As with far too many adventures, your enjoyment of Undercover: Operation Wintersun depends almost entirely on your tolerance for nonsensical puzzles. This Sproing Interactive game really knocks it out of the park when it comes to that sort of thing. It boasts a greatest-hits collection of maddening adventure-game absurdities, such as digging a potato out of the garbage to distract a crow in order to listen in on a conversation (in the very first scene, no less), as well as outlandish chem-lab solutions to mundane problems such as getting through locked doors. Anyone who can solve this spectacularly hard game without resorting to a walk-through deserves a ticker-tape parade like the kind they used to give generals and astronauts.
So, you've got what you might call a niche game here. However, the storyline sets forth a great spy thriller for the masses that plays out like a lost Hitchcock movie from his WWII period. You play British nuclear physicist Dr. John Russell, an everyman (who looks a lot like a young Eugene Levy with shorter hair) recruited by MI-6 in early 1943 to go undercover in search of the truth about Nazi efforts to detonate an atomic bomb. It's a quick rush from the initial debriefing to a scavenger hunt through various German research facilities, and then a scramble to Stalingrad for a 007-style disarming of a prototype nuke. Aside from the high-school Shakespeare overacting, this story plays out as a respectable, literate spy thriller that manages to build tension without leaning on clichés like sinister, trench-coated Nazis and "Ilsa, She-Wolf of the SS" types. The only real annoyance is the accompaniment of a trio of supposed espionage experts who are as useless as red shirts in a Star Trek episode (if not quite so prone to untimely deaths).
Not that the plot matters. It's impossible to appreciate the noirish script when you're constantly wondering what the heck you're supposed to be doing. Undercover throws you into one ridiculous situation after another. If you're not collecting every little bit of junk that litters the scenery like some foppish Brit version of Fred Sanford, you're forced to deal with the most convoluted solutions to simple problems. The developers seem to have some sort of chemistry fetish, given the number of times that you need to whip up various solvents. At first, this is sort of nifty, even if it's rather strange that you go to the extreme of making hydrochloric acid to get through a locked door. But it soon gets flat-out stupid when you're doing things such as making some sort of mineral water to soften up window putty that, in the real world, could easily have been peeled off with nothing more than Russell's trusty pocketknife.
Even nonchemical solutions stick a pin in the great big balloon of common sense. Along with the potato puzzle noted at the top, you also use a flag and floor polish to knock out a guard, deploy a rat to scare off a barmaid, and rig up phone wires to electrocute a guard. Some of your stunts are positively MacGyver-ish. And just to make things a little bit more perplexing, you never find uses for a fair number of items that you pick up, and many are so small and tucked away in dark corners that the developers might as well be purposely hiding clues. Only a single, fixed camera is provided in most scenes; given that it's typically so far away from the action, you often need to engage in tedious pixel hunts.

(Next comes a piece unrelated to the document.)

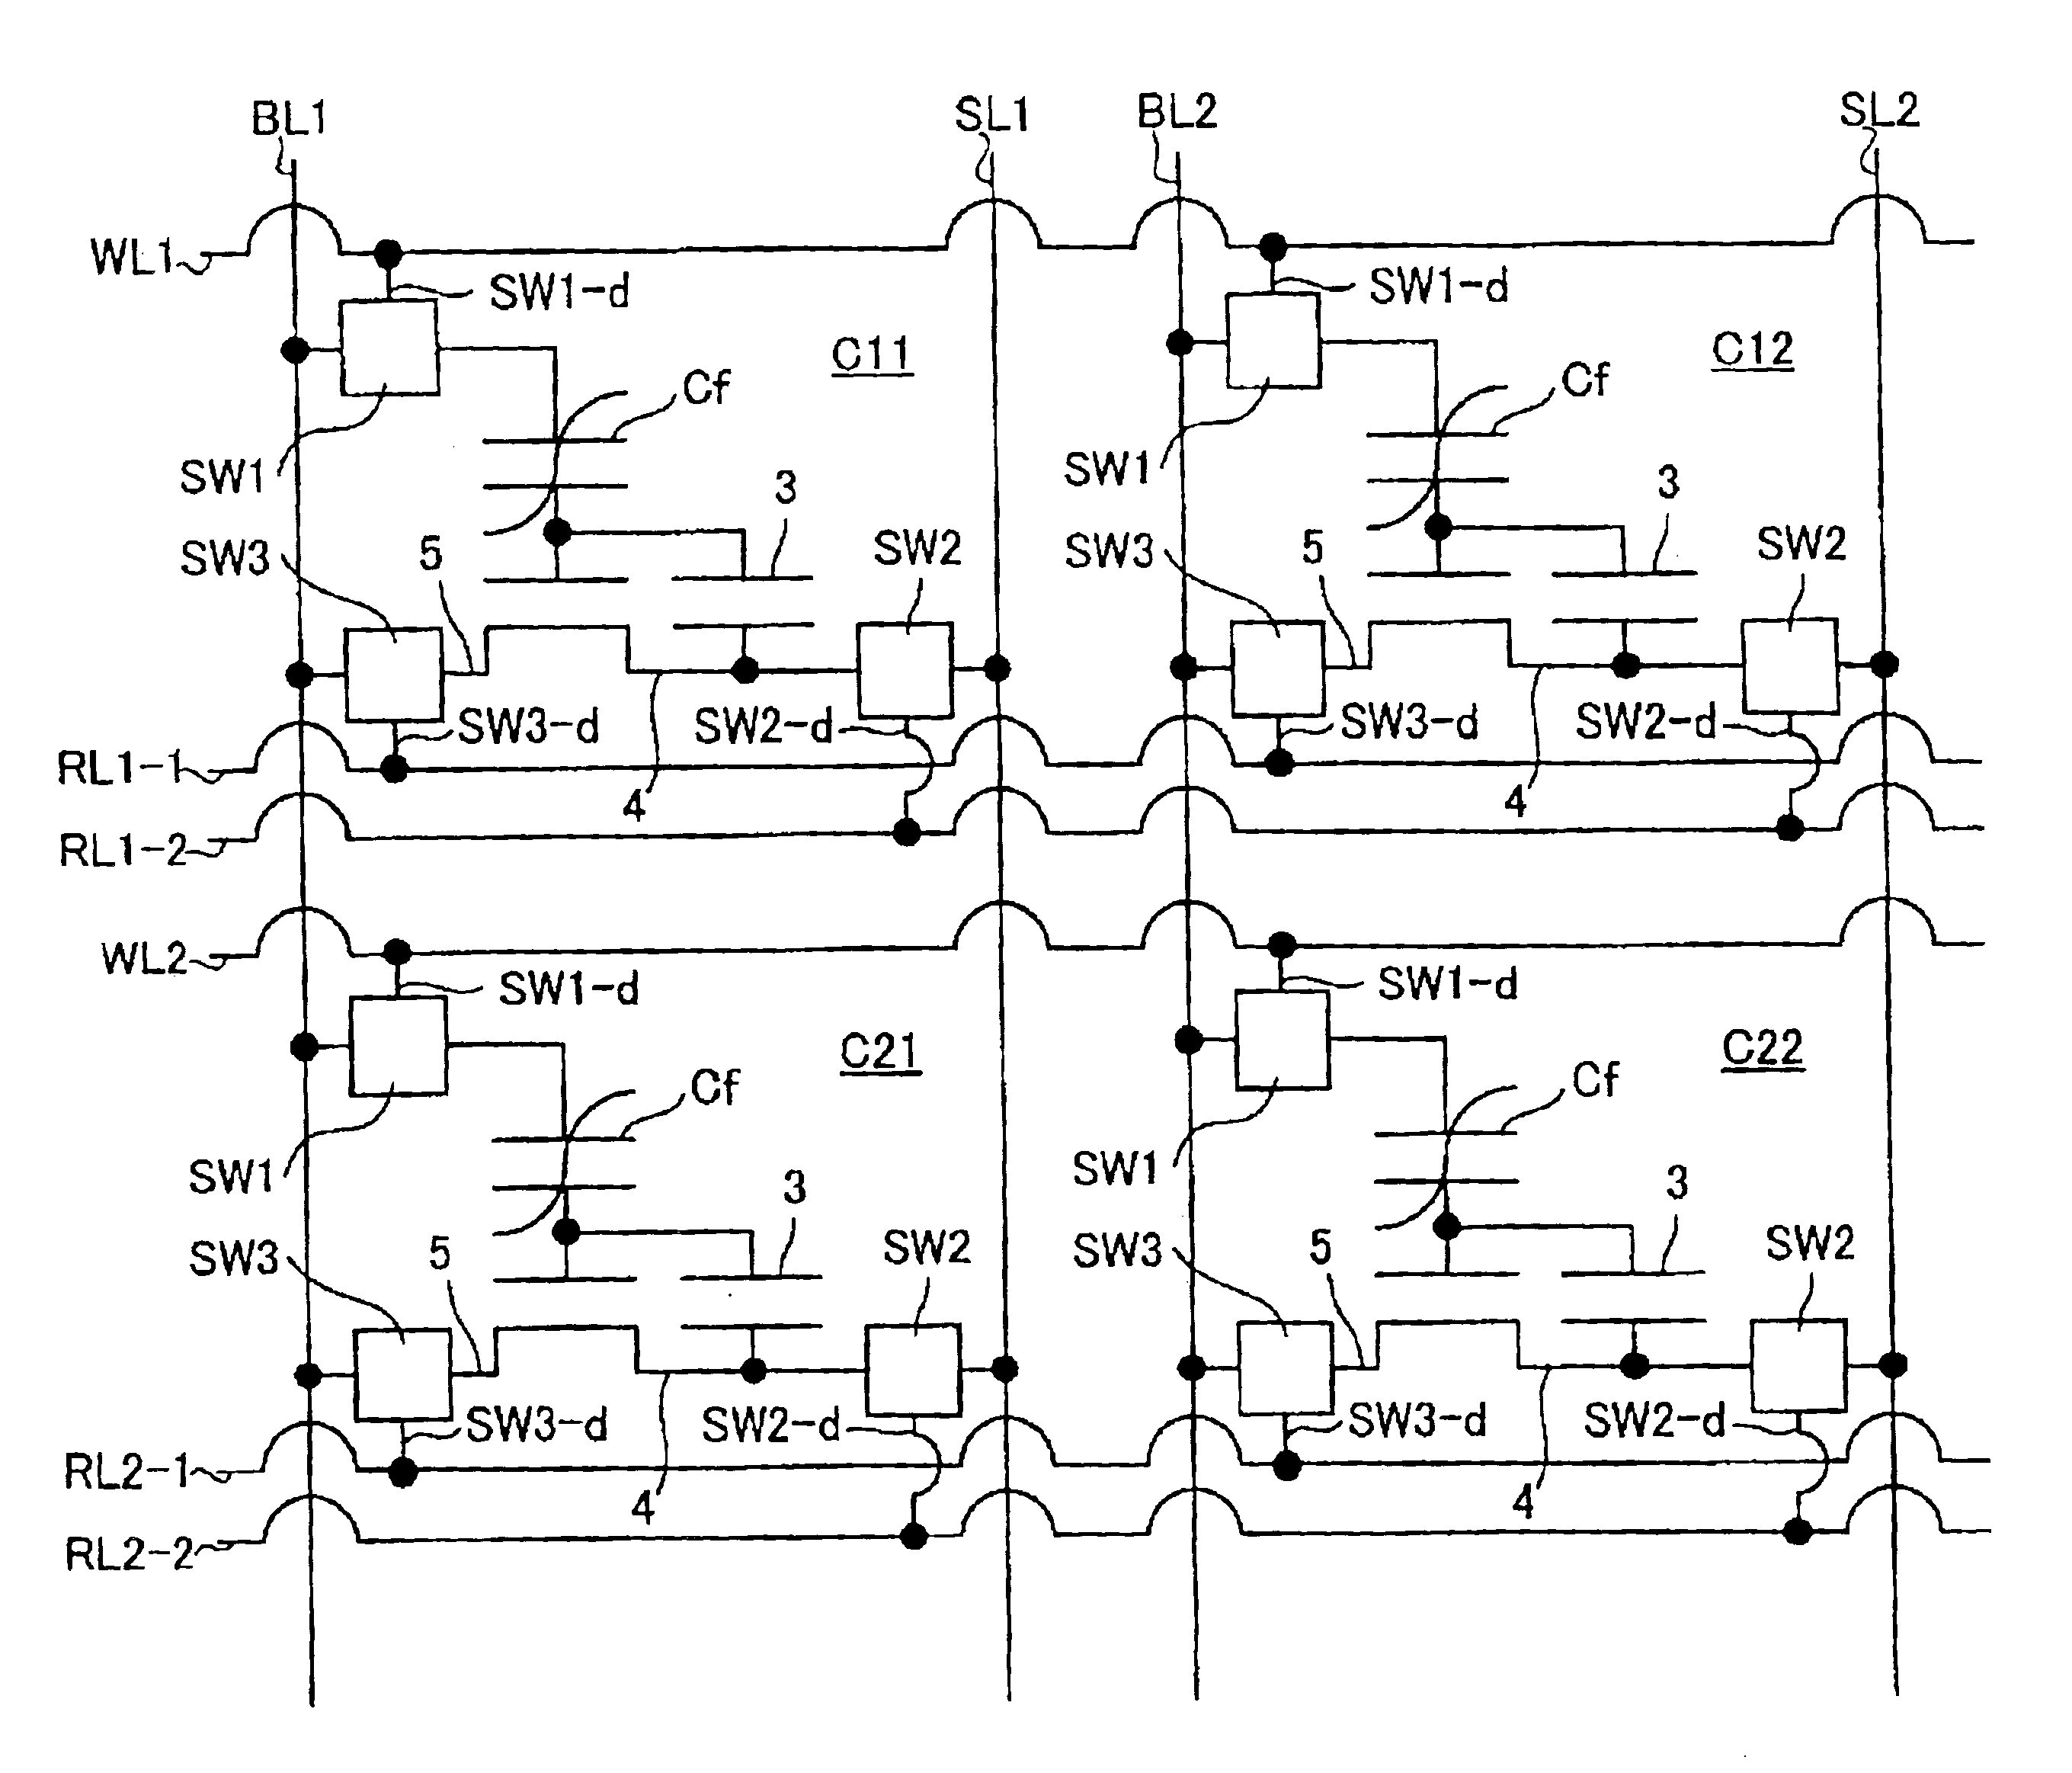 Ferroelectric non-volatile memory device having integral capacitor and gate electrode, and driving method of a ferroelectric non-volatile memory device
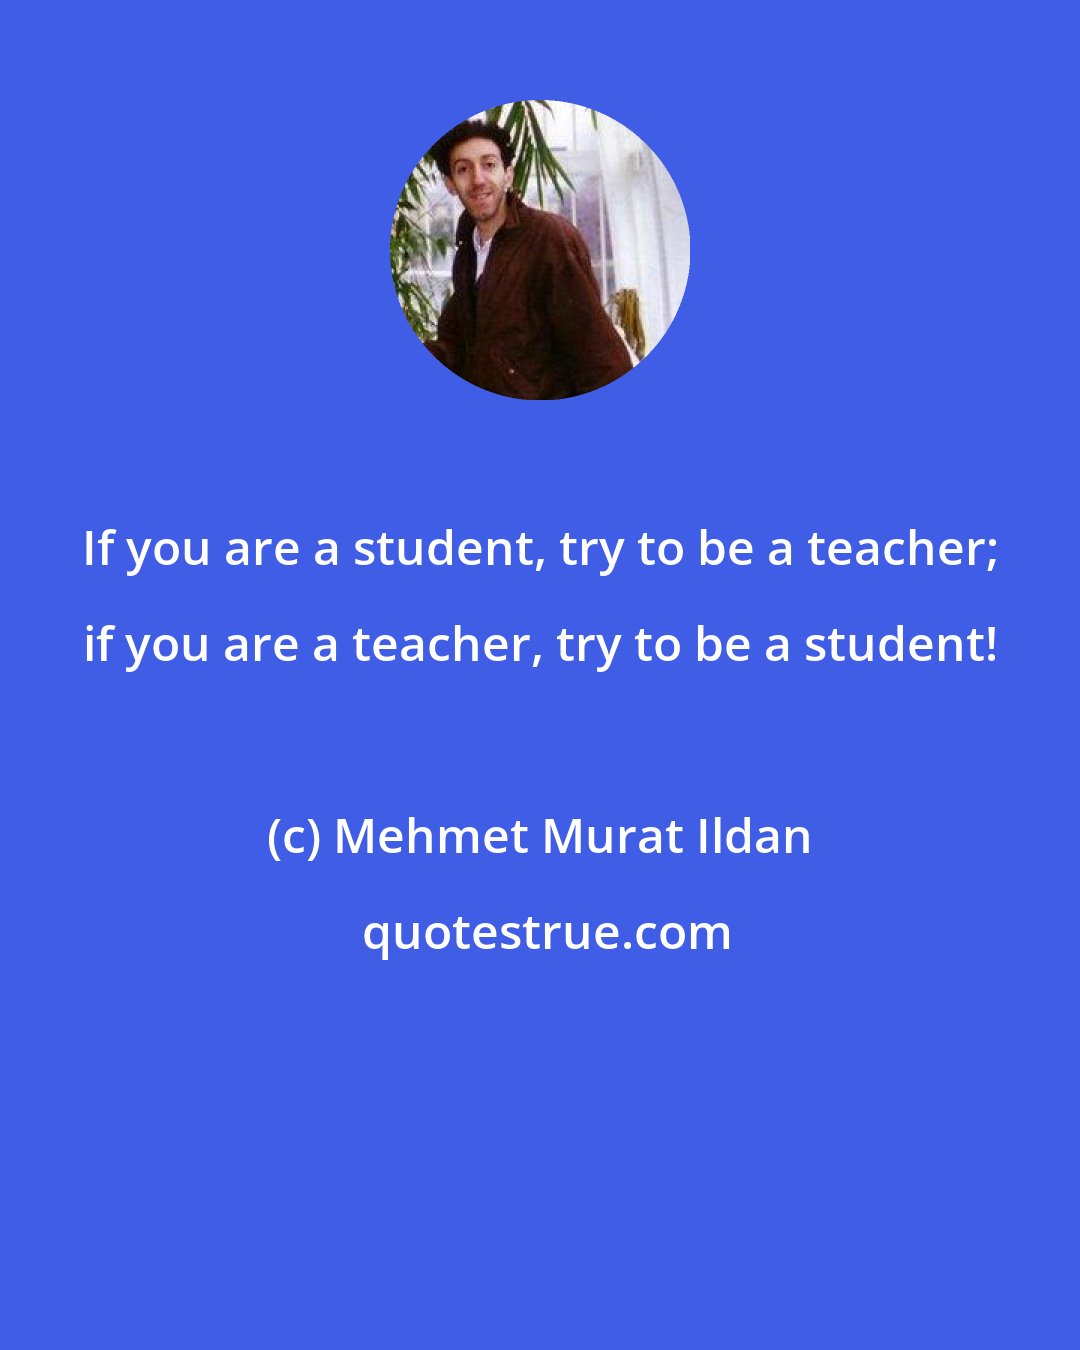 Mehmet Murat Ildan: If you are a student, try to be a teacher; if you are a teacher, try to be a student!

Some of the half-dozen or so set-piece puzzles will also have you scratching your head raw. Granted, many of these are actually somewhat enjoyable, in that they provide a break from the randomness of the rest of the game. At least you know what you're supposed to be doing when they pop up on the screen. Some involve such boilerplate scenarios as turning code wheels and spinning gears to open secret doors, but others are more innovative, such as the nifty number where you guide a fellow spy past guards by switching off lights in a specified sequence. Unfortunately, none are particularly well-implemented. Even the stealth situation described above is partially wrecked by shadows so dark that you can rarely tell exactly where the enemy soldiers you're trying to dodge are patrolling.
Last, but certainly not least, Undercover is also buggy. Very buggy. The game constantly crashes in the opening cutscene when set to 1280x1024 resolution with antialiasing turned on. The game started and remained somewhat stable only after we went with the default 1024x768 resolution and no antialiasing. However, even then crashes continued to occur every so often in all manner of in-game situations, and the audio would frequently get caught in loops in which the opening lines spoken by a character would repeat until you skipped past them or the game fainted to the desktop.
At any rate, if you can't get Undercover running properly, don't bother trying to fix the problem. You'd be wiser to consider this a sign and turn your talents toward something that makes more sense and is easier to solve, such as the political situation in the Middle East.